TIME OF REFLECTION - Prayer Stations (while music plays in background)
COMMUNION RITUAL
The Communion Supper, instituted by our Lord and Savior Jesus Christ is a sacrament, which proclaims His life, His sufferings, His sacrificial death, and resurrection, and the hope of His coming again. It shows forth the Lord’s death until His return.
The Supper is a means of grace in which Christ is present by the Spirit. It is to be received in reverent appreciation and gratefulness for the work of Christ.
All those who are truly repentant, forsaking their sins, and believing in Christ for salvation are invited to participate in the death and resurrection of Christ. We come to the table that we may be renewed in life and salvation and be made one by the Spirit.
In unity with the Church, we confess our faith: Christ has died, Christ is risen, Christ will come again. And so we pray:
PRAYER OF CONFESSION AND SUPPLICATION:
Holy God,
We gather at this, your table, in the name of your Son, Jesus Christ, who by your Spirit was anointed to preach good news to the poor, proclaim release to the captives, set at liberty those who are oppressed. Christ healed the sick, fed the hungry, ate with sinners, and established the new covenant for forgiveness of sins. We live in the hope of His coming again.
On the night in which He was betrayed, He took bread, gave thanks, broke the bread, gave it to His disciples, and said: “This is my body which is given for you; do this in remembrance of me.”
Likewise, when the supper was over, He took the cup, gave thanks, gave it to His disciples, and said: “Drink from it, all of you. This is my blood of the covenant, which is poured out for many for the forgiveness of sins. Do this in remembrance of me.” Through Jesus Christ our Lord. Amen.

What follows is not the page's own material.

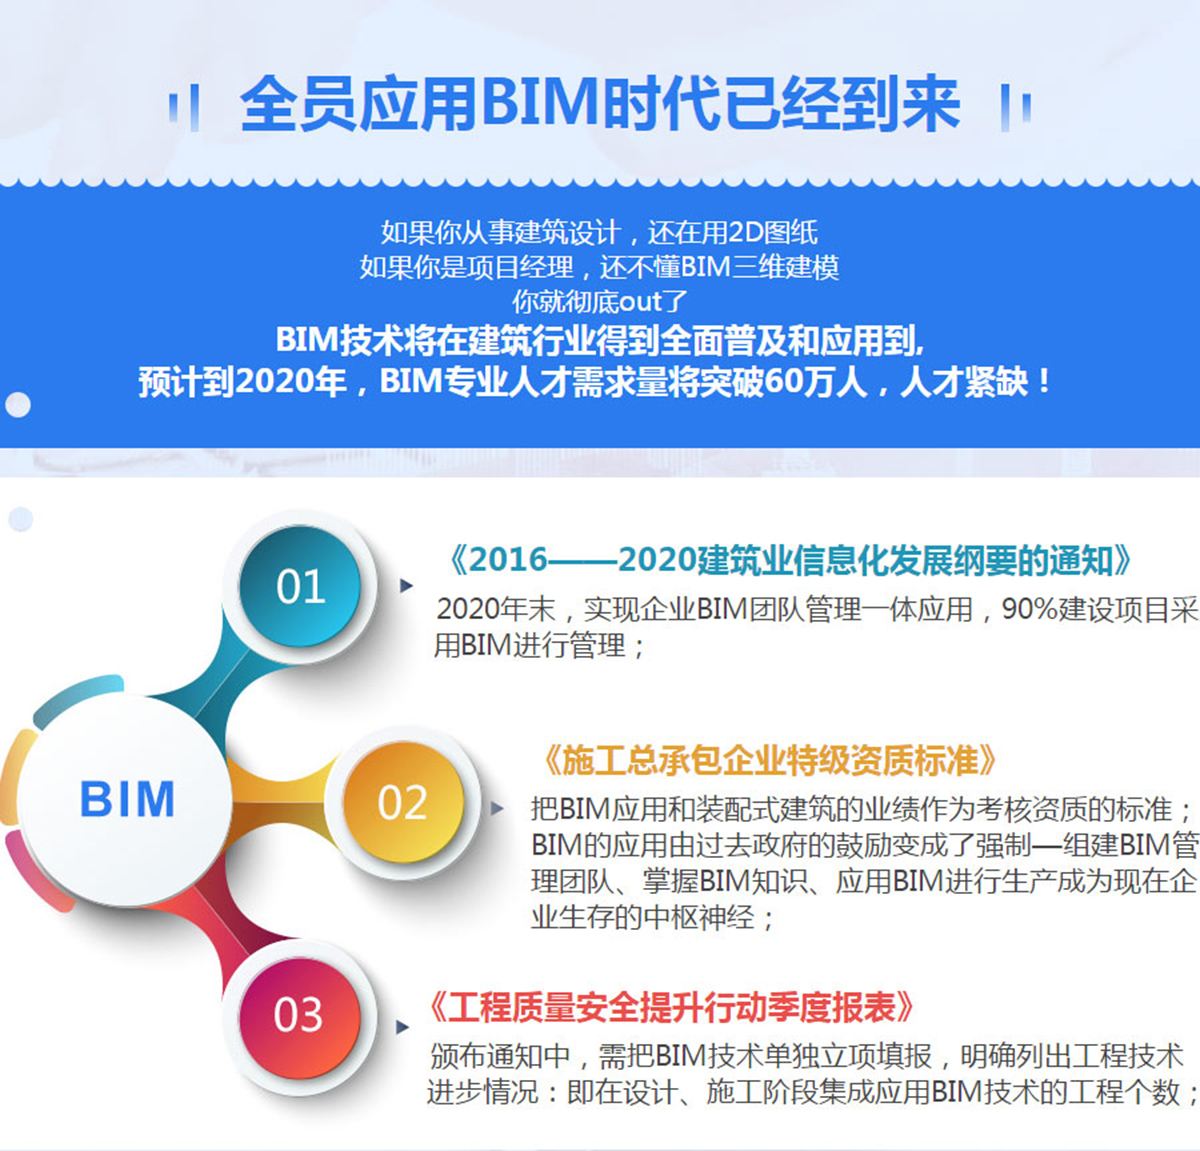 关于天津bim工程师培训服务的信息  第1张

And so, we gather as the Body of Christ to offer ourselves to you in praise and thanksgiving. Pour out your Holy Spirit on us and on these your gifts. Make them by the power of your Spirit to be for us the body and blood of Christ, that we may be for the world the Body of Christ, redeemed by His blood.
By your Spirit make us one in Christ, one with each other, and one in the ministry of Christ to all the world, until Christ comes in final victory. In the name of the Father, Son, and Holy Spirit, Amen.
EXPLAIN ELEMENTS
The body of our Lord Jesus Christ, broken for you, preserve you blameless, unto everlasting life. Eat this in remembrance that Christ died for you, and be thankful.
The blood of our Lord Jesus Christ, shed for you, preserve you blameless unto everlasting life. Drink this in remembrance that Christ died for you, and be thankful.
CONCLUDING PRAYER OF THANKSGIVING AND COMMITMENT
And now, as our Savior Christ has taught us, let us pray:
Our Father, who art in heaven, hallowed be your name, your kingdom come, your will be done on earth as it is in heaven. Give us this day our daily bread. Forgive us our trespasses, as we forgive those who trespass against us. Lead us not into temptation but deliver us from evil. For yours is the kingdom, and the power, and the glory, forever. Amen.